Projects

GSK-3β (glycogen synthase kinase 3 β) is a key coordinator of neuronal development, because it can be triggered by wide a number of signalling cascades which it then translates into changes in neuronal cell behaviour by directly regulating the cytoskeleton (B). GSK-3β is essential for almost all steps of neuronal development and hyperactive GSK-3β is linked to neurodegenerative diseases (i.e. Alzheimer's, Parkinson's disease), schizophrenia, bipolar disorder, autism, neuropathies, and impaired regeneration after injury, making it a promising target for therapy. So far, however, therapeutic strategies manipulating GSK-3β have failed because their application was too general.
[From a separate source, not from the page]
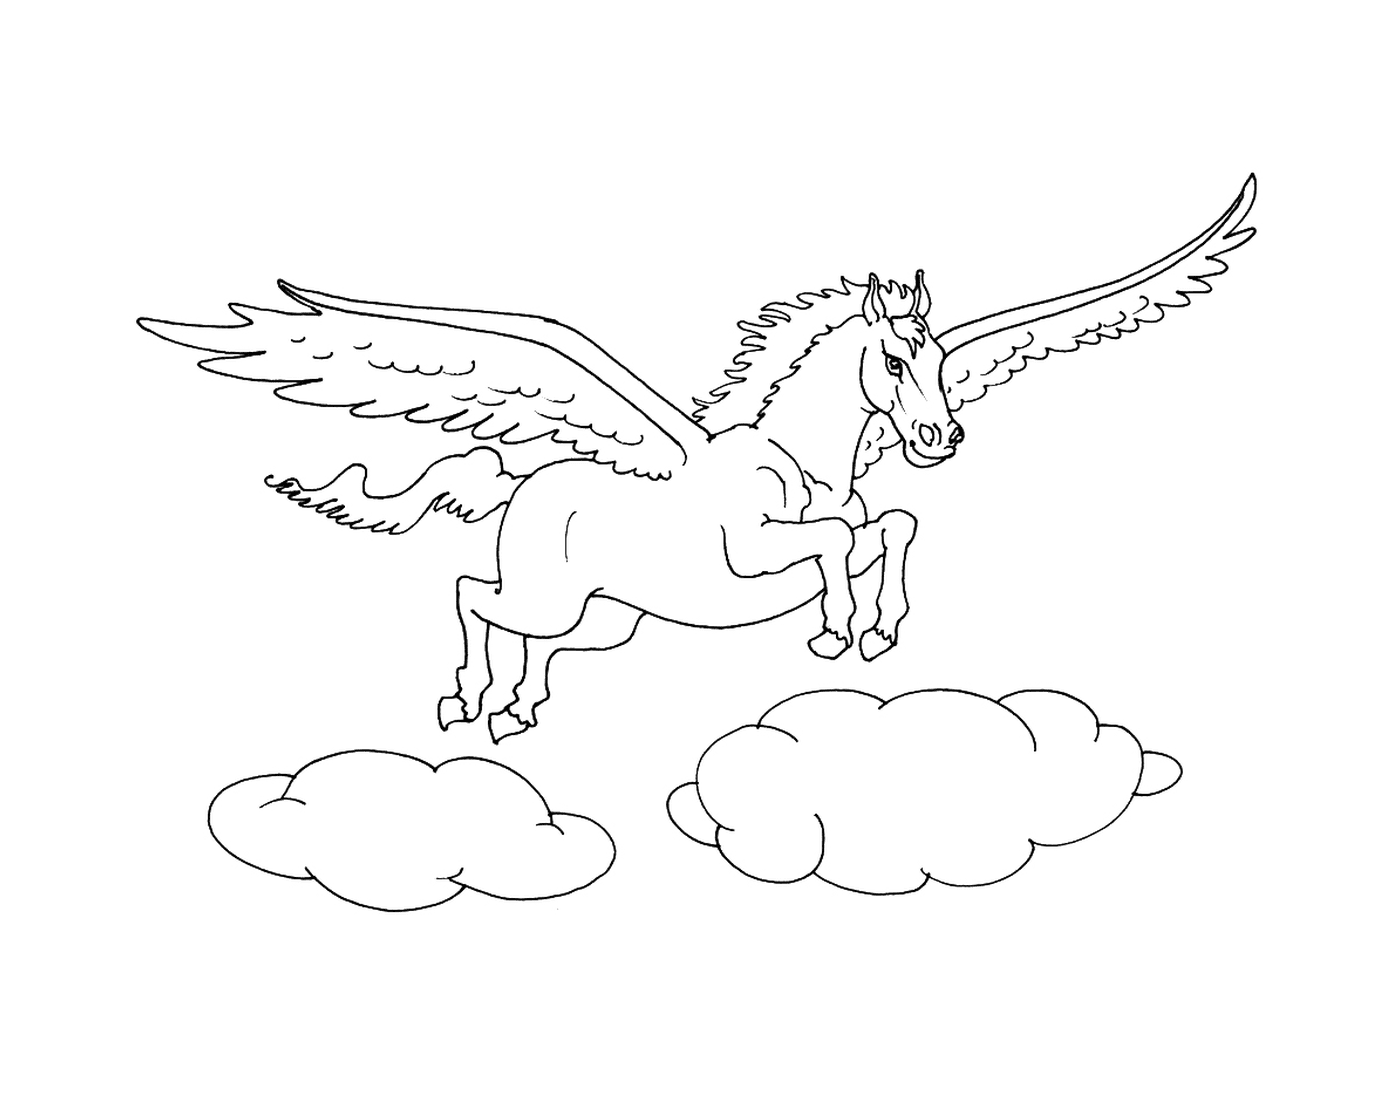  cavallo alato che vola sopra le nuvole

We study which regulators mediate GSK-3β activity to influence neuronal development; a fundamental question which could provide the basis for refined therapies.

For this, we pioneered the use of Drosophila primary neurons for the study of GSK-3β, a powerful tool enabled us to analyse the functions of 15 microtubule (MT)- and 15 actin-binding and -regulating proteins (Hahn et al., PLoS Genet, 2021; Hahn et al., Neural dev. 2019; Qu*, Hahn* et al., eLife, 2019; Qu*, Hahn* et al. Mol Biol Cell, 2017). Using global up- or down-regulation of GSK-3β, we demonstrated that GSK-3β is a key regulator of axonal microtubules in fly and rat primary neurons. This work is funded by the Leverhulme and Wellcome Trust and the Academy of Medical Sciences.

Neurofibromatosis type 1 is among the most common monogenetic disorders of humans and is caused by loss of neurofibromin (Nf1), a highly conserved protein that serves as a GTPase-Activating Protein (GAP) for Ras. Loss of Nf1 leads to cognitive and behavioural deficits as well as electrophysiological abnormalities in patients and animal models. How cellular and molecular mechanisms drive these functional impairments is, however, largely unknown. We recently found that that loss of Nf1 leads to impaired neuronal outgrowth, defects in formation of pre-synapses, misregulation of the cytoskeleton in flies. We will use an interdisciplinary approach linking detailed cell mechanistic studies with functional, electrophysiological readouts; a crucial step towards identifying therapeutic interventions.